Дед отложил рубанок, поверх очков глянул на жилистого, длинного внука, потом вышел из-под навеса, окинул взглядом небо и на полном серьезе предположил:
– Должно, обмыло.
– Можно идти в поход?
– А почему же нельзя? Знамо, можно. Ну, а ежели разок и сбрызнет в пути, беда не велика, не сахарные, не размокнете…
Через час прибежал запыхавшийся король свистунов Валька Мурашкин.
– Досиделись! Интеллигент проболтался. Гербарий засек нас. Икру мечет.
Все это означало: Родька Шатров, прозванный за большие роговые очки и томный, бледный вид интеллигентом, проговорился о походе директору школы и тот, возмутившись столь необычным, не предусмотренным внутренним распорядком явлением, схватился за голову и… начал метать икру.
– Говорит: только под руководством учителя.
– Выстроит по ранжиру и с барабанным боем и пионерским горном, да? Пусть тогда сам идет!
– Я тоже не пойду, – сказал Валька. И, подумав, добавил – Давай, Юр, поедем лучше рыбачить, а?
– Конечно, – сразу же согласился тот. – Милое дело. Смастерим шалаш на берегу и – недельки на две: рисуй, читай стихи, вари уху, и никаких тебе пионервожатых и прочих сопровождающих. – И хотя Юра говорил это Вальке, но чувствовалось, что он больше уговаривает самого себя, чем друга.
Валька подтверждал:
– Правильно. Лодку я достану… А знаешь из-за чего все это началось? Из-за девчонок. Как же это, мол, так, пойдут одни с ребятами, без классной дамы!
– Пусть тогда сам и стережет их – ходит с хворостиной следом…
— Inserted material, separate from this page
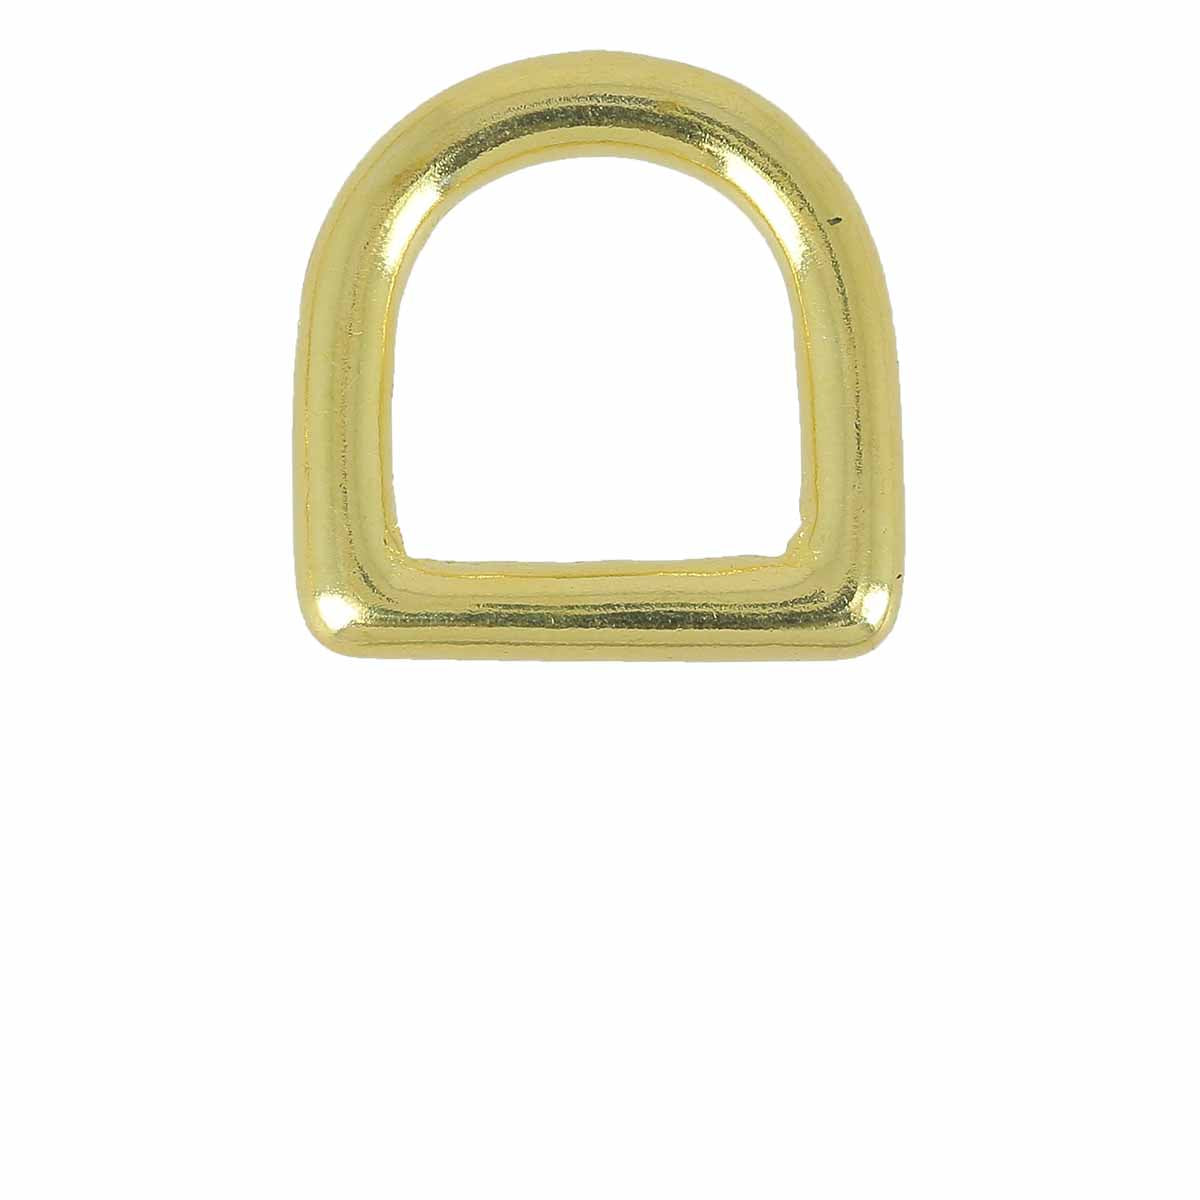 anneau en d, anneaux demi-ronds, boucle,laiton argent, lot de 10 - taille  35 mm - Un grand marché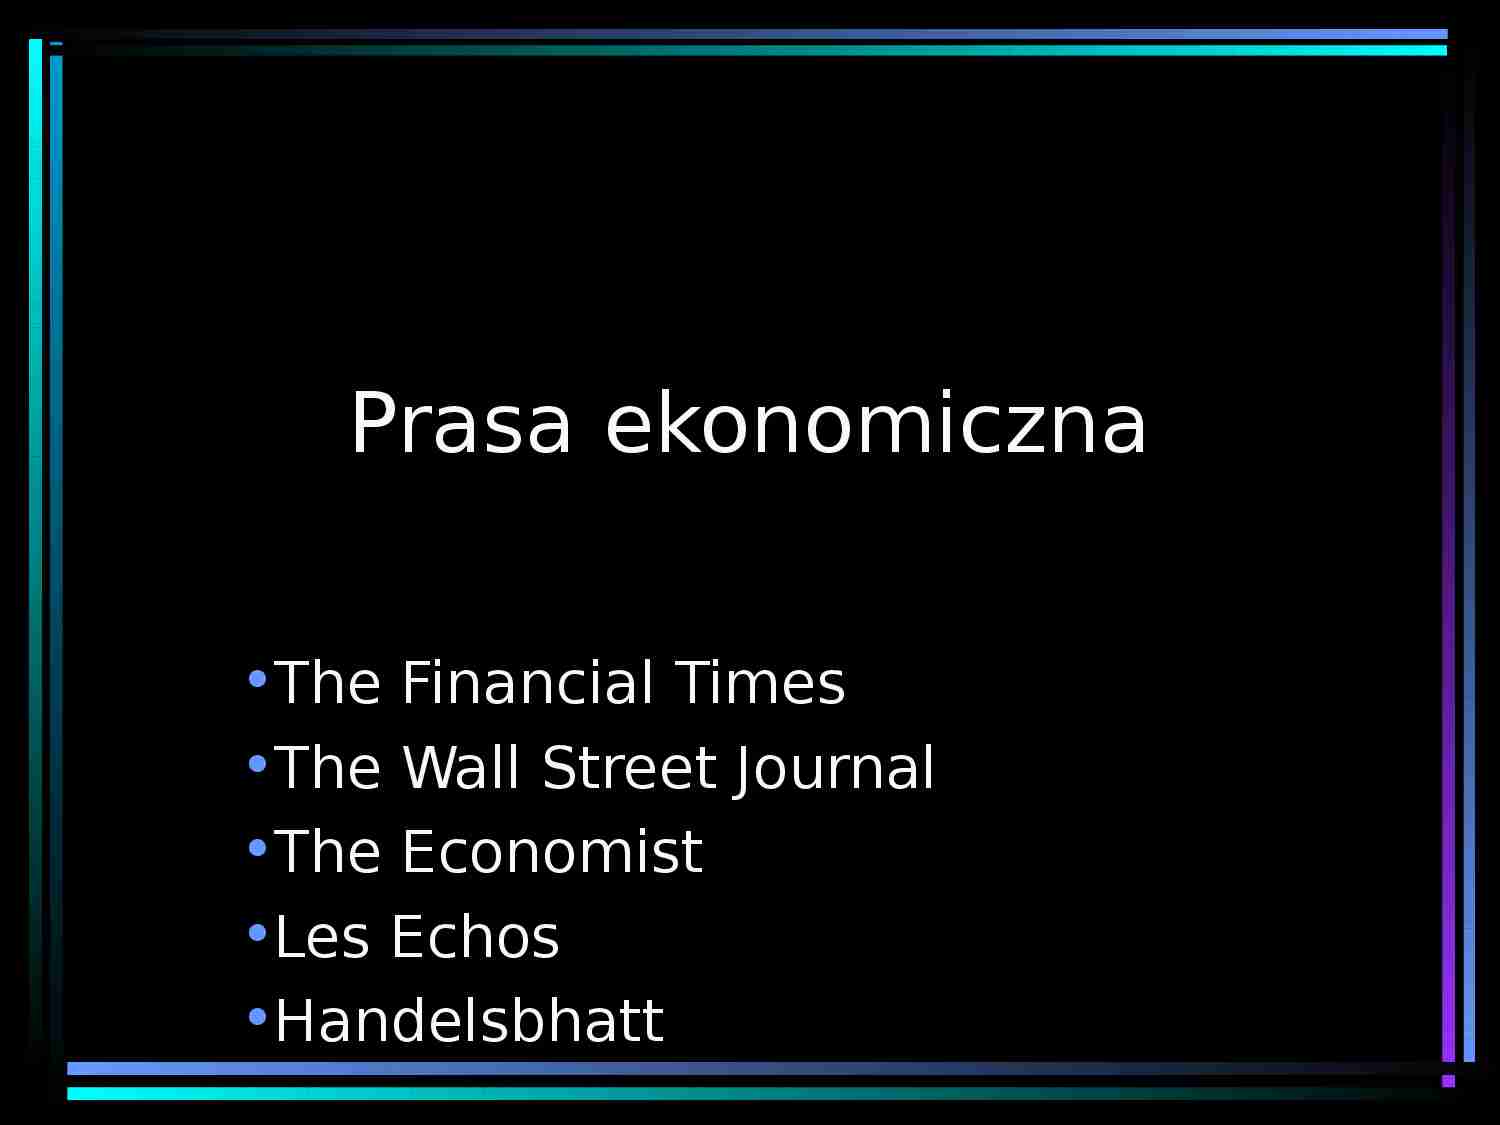 Prasa ekonomiczna - prezentacja - strona 1

Немного погодя появился Родька Шатров… Как и все близорукие и рассеянные, он был угловат и чуточку смешон. Ребята любили его за эрудицию и немного подтрунивали над неуклюжестью. Беспрестанно поправляя сползавшие с переносья очки, он как ни в чем не бывало направился к друзьям.
У Вальки затряслась челюсть.
– Т-ты! – зашипел он. – Ты… божий человек… распустил свой язык!
Родька остановился, виновато захлопал глазами за толстыми стеклами очков.
– Вы о чем это, ребята?
– О чем, о чем! Разбалабонил о нашем походе?
Родька нерешительно помотал головой, от чего очки мгновенно съехали на кончик носа, он заученным движением пальца поддернул их, словно вставил в обойму глазниц.
– Я никому не говорил.
Родька развел руками.
В искренности его жеста Валька не сомневался – Родька никогда не кривит душой. Он даже понятия не имеет об этом человеческом пороке. Но он мог по своей рассеянности нечаянно проговориться и не заметить этого.
– Вспомни хорошенько – может, кому говорил?
– Нет. Никому!
– Ни в школе, ни дома?
– Не. – И вдруг он заморгал, разинув рот. – Отцу говорил.
– Ну, во-от!
Отец Родьки работал первым секретарем райкома партии.
– Но он же не пойдет к Гербарию рассказывать, – вдруг уверенно заявил Родька.
Валька закрутился на месте, сморщился, как от зубной боли.
– И-и, голова – два уха! К Гербарию не пойдет, так мог с Новокшоновым поделиться радостью, что сын у него такой умный, сам в походы ходит. А Новокшонов – своей… Лады-булды Викентьевне. А та – фих-фах! – вот тебе и вся школа знает.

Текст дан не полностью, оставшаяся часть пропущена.